Whenever he drives by the 74-acre development that encompasses Oakley Station and two adjacent developments, former planning commissioner Caleb Faux sees one thing: “I still see a development that to me belongs on Fields Ertel Road in Mason, not in the city of Cincinnati.” He means it is suburban, meant for driving into from far away, not for living around. For years, the former Cincinnati Milacron site seemed rich with promise; there was talk of a dense, in-filled community. Talk of a Jungle Jim’s, a village-like shopping area threaded with sidewalks where people walked. That was in the early ’00s. What we ended up with is a vista of forgettable architecture in the middle of one of the otherwise most liveable communities in Cincinnati. Critics talk of back-room shenanigans; they describe a lack of public debate about making the area fit in with the community. In the end, we got the box you can drive your tanker to.
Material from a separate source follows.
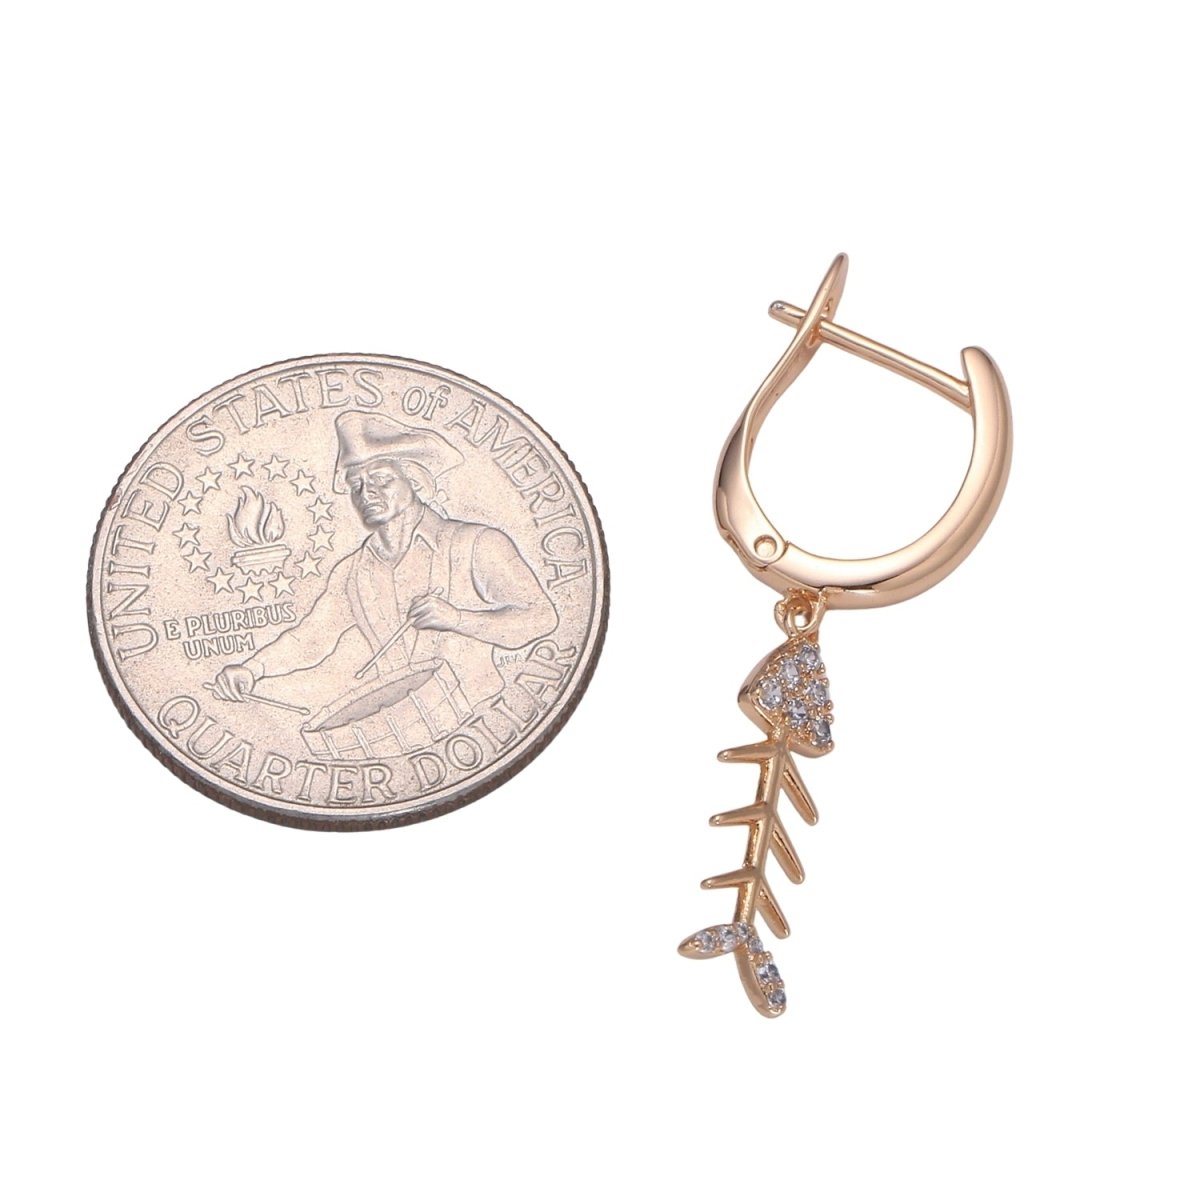 Gold fish bone hoop earring endless hoops huggies dangle earring simple earrings everyday gift for her P-205 - DLUXCA
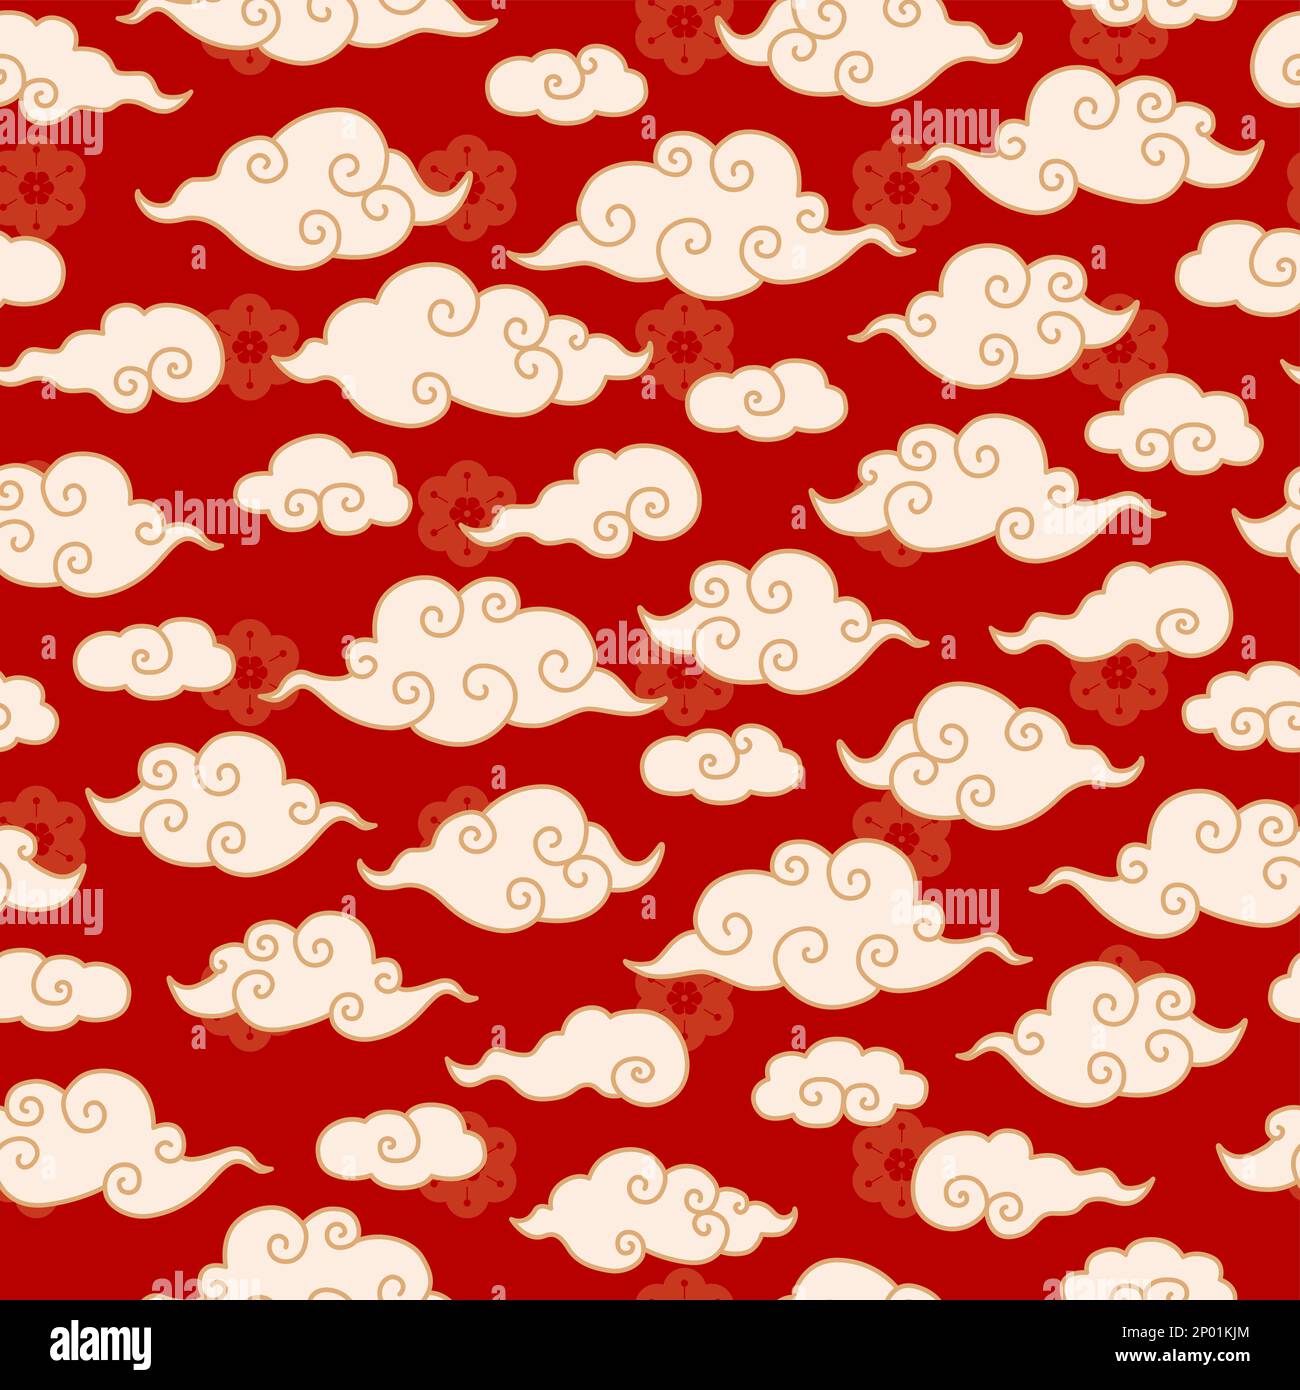 Vector Chinois, Coréen ou Japonais traditionnel Line Drawing Cloud Seamless Pattern. Illustration de Vecteur

“I see it as a lost opportunity,” says Faux. “We don’t have very many developable parcels inside of Cincinnati of that magnitude. We could have done a lot more with it.”


Stats
Population: 10,429 | Median Home Price: $230,900 | change since 2010: 20%


Down The Road

  • The nabe’s newest pop-up shop (and Oakley Fancy Flea regular), Gadabout Doughnuts features flavors like chocolate salted vanilla almond, blueberry lemon, and strawberry rhubarb. Owner and resident Karina Rice offers free delivery for Oakley locations and events.
  • Quince and Quinn’s grand new emporium in a former Baptist church feels more Venice Boulevard than Madison Road and offers 9,000 square feet of eclectic furniture, home goods, and accessories as well as design services.
  • Blue Manatee and Sleepy Bee co-owner Sandra Gross created Brazee Street Studios as a bright and airy urban artists’ colony devoted to glass-making, professional art studios, and gallery space on the site of an old tool and die factory.
  • The new Kroger Marketplace is a behemoth. But, says urbanologist John Yung , “there’s a long-term opportunity—those parking lots alone are so massive you might have the opportunity to gentrify them in the future on a human, walkable scale. What if we looked at that drive lane in front more as a street, and then across from it we put in a sidewalk and space for small businesses, restaurants, and apartments with a parking garage in the rear?” It starts sounding like the Oakley we know.